7/26/2011 5:55:40 AM
alphanimal
Posts: 62
|
Hi!
We are using RDM with a SQL Server and have Offline Mode enabled.
Is there a way to protect the database (the credentials specificly) from being accessed without entering a password or authenticating with some other method (Kerberos ...)?
Is the data that is stored in offline mode encrypted somehow?
What can we do to secure the database, if a computer gets stolen or is accessed by the bad guys (hacked?) in some way?
thanks!
|
|
0
• permalink
|
7/28/2011 10:01:45 PM
james_burd
Posts: 5
|
I believe that even most of the data stored in the database is encrypted.

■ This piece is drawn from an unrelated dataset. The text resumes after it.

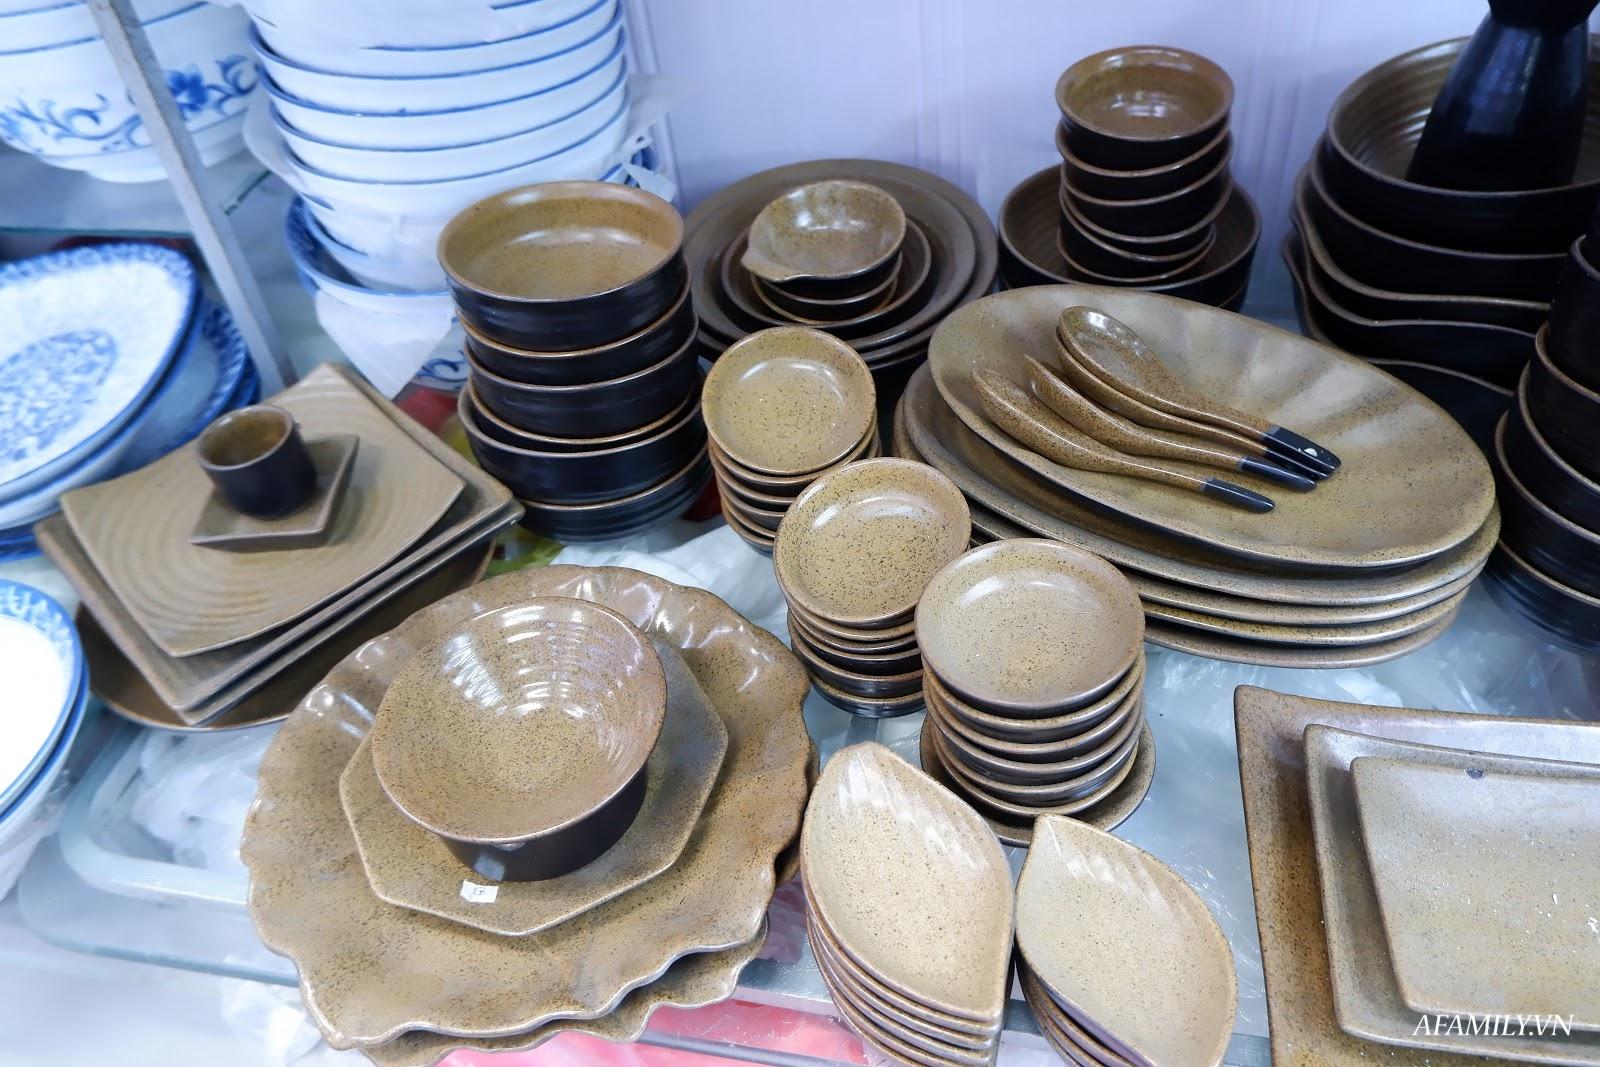 Kinh nghiệm chọn mua đồ gốm sứ Bát Tràng để mười mẫu thì an toàn và chất lượng cả mười - Ảnh 5.

I think what would work here (and I have suggested) is an offline expiration policy. That way if the computer is lost\stolen the offline mode would expire and become unusable unless they could connect to the SQL server again. He has agree'd to add the expiration policy but I am not sure when.
|
|
0
• permalink
|
7/29/2011 2:12:14 AM
alphanimal
Posts: 62
|
I believe that even most of the data stored in the database is encrypted.
To protect the data in the database, it helps to not save the SQL Server password in the data source, so the user has to enter it every time.
The problem is Offline mode. If I can open the database without even entering a password, its not safe really.
IMO all locally stored data (including data source configuration, which includes a password, too) should be encrypted using a key entered by the user, which he must enter every time the program is launched.
By encrypting the data source configuration, the SQL server password is safe, too. and each user can have their own key.
I think what would work here (and I have suggested) is an offline expiration policy.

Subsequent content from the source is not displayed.